Even though I'm more the brooding intellectual type, I enjoy almost everybody, so whether you're into dick jokes or Fermi problems, I can dig it. The important thing is that I'm always looking for a laugh, even if it means I'm the butt of the joke. My shamelessness only adds to this, and the list of things I'm comfortable doing for the sake of comedy is almost infinite.
I live on my own... with a bonus three roommates! I figured if splitting the rent two ways saves money, why not go for four? In spite of having a house jam-packed with people, I've somehow wound up with a whole floor to myself. So, if I invite you to see my basement, don't freak out: that's where I keep all the cool shit.

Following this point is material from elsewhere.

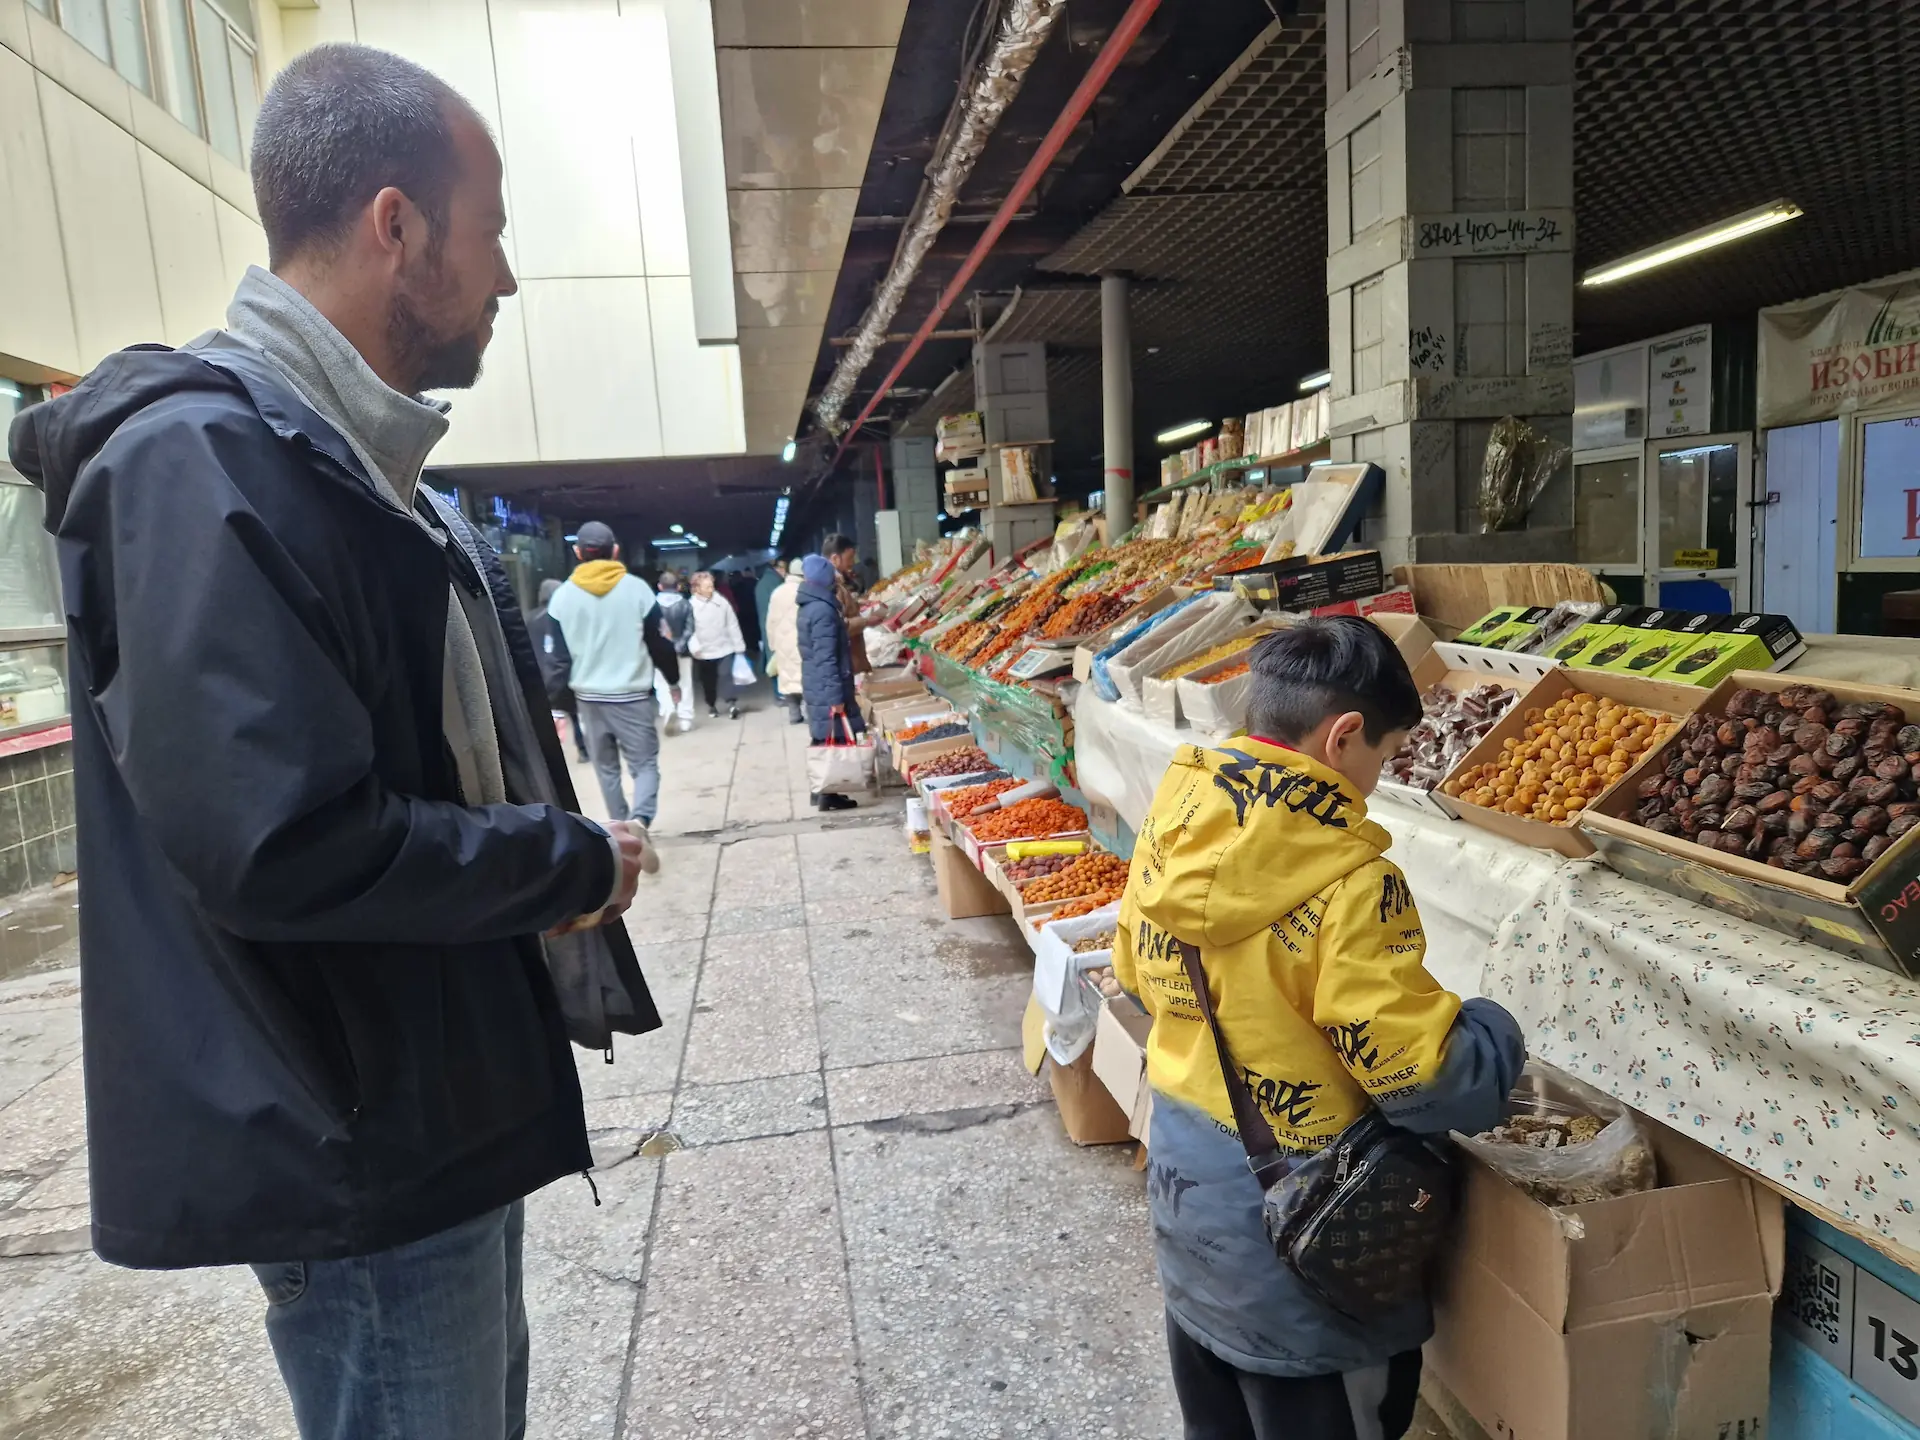 Robin achète des barres de céréales à un stand de fruits secs et noix, et se fait servir par un petit enfant

I tend toward the philosophy "If it's worth doing, it's worth overdoing." If I'm writing a blog post or doing a research paper, I'm probably not eating or doing anything else until it's done. If I'm in the mood to watch cats on YouTube, then I'm'a watch every fucking cat jump into every fucking box that site has.
I try to enjoy art, but I feel like I'm missing that part of my brain. I get that creative human expression is important... but when I see The Scream I don't think or feel anything other than "There's a dude. He's screaming." Maybe you can show me the error of my ways?
"Philadelphian," for me, is as fundamental to my identity as "geek" or "heterosexual." I don't want a house with vinyl siding and a perfectly-manicured lawn surrounded by a white picket fence in a cul-de-sac: I actually prefer to interact with other human beings.
I'm on here because I'm looking to expand beyond the sausage fest that is my group of friends. There's nothing like shooting the shit with your buddies, but I need a dose of estrogen in my life or I'm going to start thinking Fast and Furious is quality cinema. On a related note: bonus points if you can hang with a bunch of foul-mouthed, flannel-wearing, beard-loving dudes.